Gut leben statt viel haben. Niemand wird weniger konsumieren, um ein besserer, wohl aber, um ein unabhängigerer Mensch zu werden. Weil in den Wohlstandsgesellschaften die Zahl der Möglichkeiten – Güter, Dienste, Ereignisse – explodiert ist, doch der Tag in seiner konservativen Art weiterhin nur 24 Stunden hat, regiert allenthalben die Zeitknappheit. Das schafft ein Dilemma: Es fehlt die Muße, die einzelnen Dinge hinreichend zu nutzen, zu erleben, in Tätigkeit umzusetzen und auszukosten. Den Dingen Qualität abzugewinnen kostet Zeit; deshalb gibt es eine Grenze der Güterausstattung, jenseits deren die Lebensqualität nicht mehr mitwächst. Viel-Haben kann dem Gut-Leben in die Quere kommen. Niemand kann auch im Internet mit seinen explodierenden Optionen überleben, wenn er nicht die Kunst der Auswahl, des Neinsagens beherrscht. Eine wahrhaft postindustrielle Lebensführung wird sich – das Verhältnis von Information zu Materie verbessernd – darauf verstehen, aus wenigen ausgewählten Dingen viel Qualität zu ziehen.

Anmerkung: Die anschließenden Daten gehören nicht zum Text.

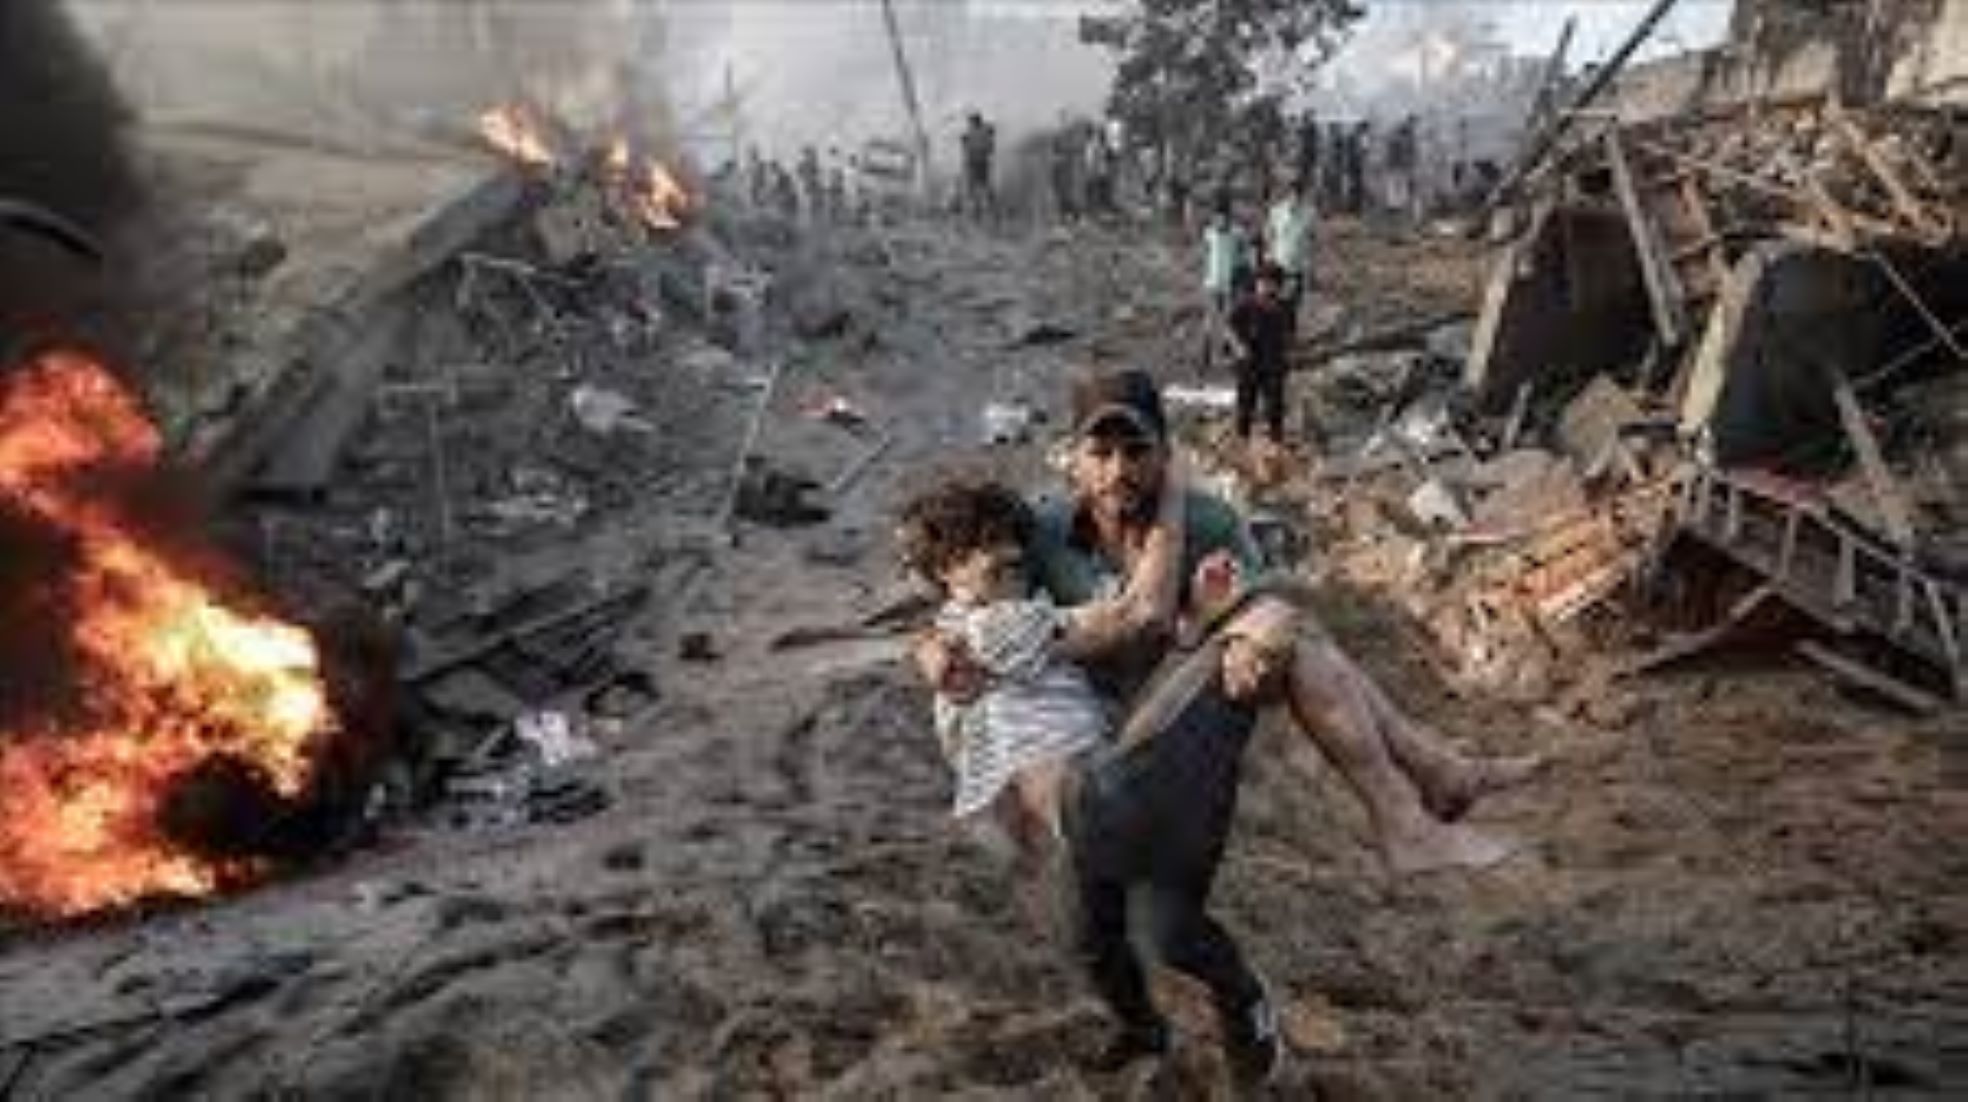 Global Parliamentary Leaders Call For Immediate Ceasefire In Gaza

Eine Frage der Gastfreundschaft. Vielleicht könnte ja eine ressourcenleichte Informationsgesellschaft eine Antwort auf die Großfrage dieses Jahrhunderts darstellen: Wie können wir die Erde für doppelt so viele Menschen wie heute gastfreundlich machen, ohne die Naturbasis für die späteren Generationen zu ruinieren? Die reichen Volkswirtschaften haben schließlich ihr Gerechtigkeitskonto weit überzogen: 20 Prozent der Weltbevölkerung verfrühstücken bekanntlich 80 Prozent der Weltressourcen. Bei der Suche nach einer leichten Ökonomie geht es auch darum: einen gerechtigkeitsfähigen Wohlstand zu erfinden. Ohne dass die OECD-Länder das Gewicht, mit dem sie auf dem Planeten und auf anderen Völkern lasten, im Laufe der nächsten 50 Jahre um etwa 80 Prozent reduzieren, wird es keine Weltbürgergesellschaft geben. Denn in einer begrenzten Welt verlangt Gerechtigkeit, wie Johannes Rau einmal gesagt hat, nicht in erster Linie, zu lernen, mehr zu geben – sondern weniger zu nehmen.